Whatever happened, there is clearly no love lost between Hinojosa and his two opponents. In his interview with Texas Monthly, Hinojosa all but accused Robinson and Olson of buying off party officials to win their support. “They are running around to all these county chairs, saying they’re going to give them grants from the Texas Democratic Party if they get elected,” he said. “They don’t say where they’re going to get the money. Neither one of these individuals has any history of raising large amounts of money. None.”

Olson appears to have the best chance of beating Hinojosa. She launched her campaign in December and has been endorsed by sixty county chairs, as well as hundreds of former Democratic candidates, donors, and activists. Among her supporters is Chris Rosenberg, the chair of the Bell County Democrats and president of the Texas Democratic County Chairs Association. Rosenberg said that “our failures to win statewide races are costing people’s lives”—a reference to the Uvalde massacre, which he believes could have been prevented by stronger gun regulations, as well as to Republican positions on abortion access, health care, and LGBTQ rights. “I think we have been lacking a message that resonates with Texas voters. And we don’t seem to have a viable strategy.” 
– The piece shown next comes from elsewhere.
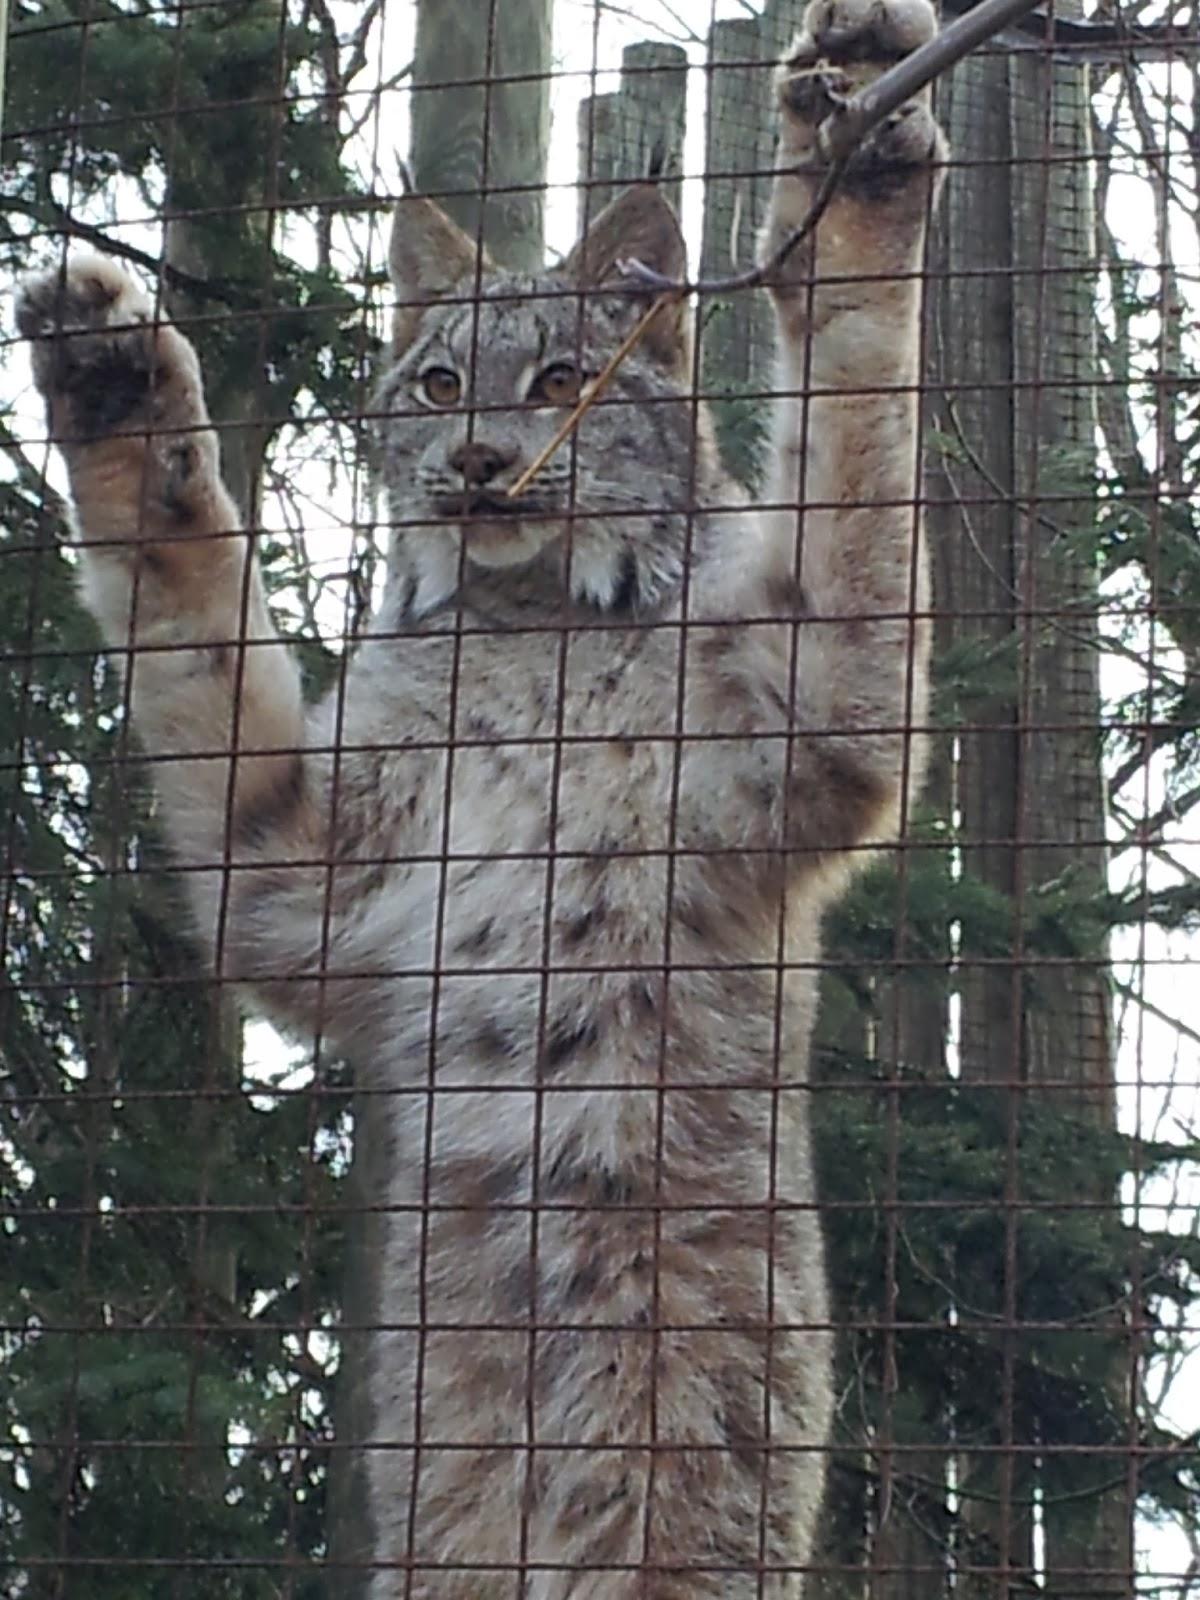 lynx, zoo, Toronto Zoo, animals

Hinojosa will celebrate his seventieth birthday on July 8, less than a week before the state Democratic convention kicks off in Dallas. He told me that if he wins reelection, it will be his final four-year term as chair. “I’ve given ten years,” he said. “This is hard. I spend so much time traveling the state, staying at hotels, going from one event to another, one meeting to another. I’m on the phone every day, hours at a time. But I’m going to give it one last time. We have to flip the state.”

Correction: The original version of this story said Mayra Flores was the first Republican to represent part of the Rio Grande Valley since Reconstruction. Republican Blake Farenthold represented a district which included a slice of the RGV from 2011-2013.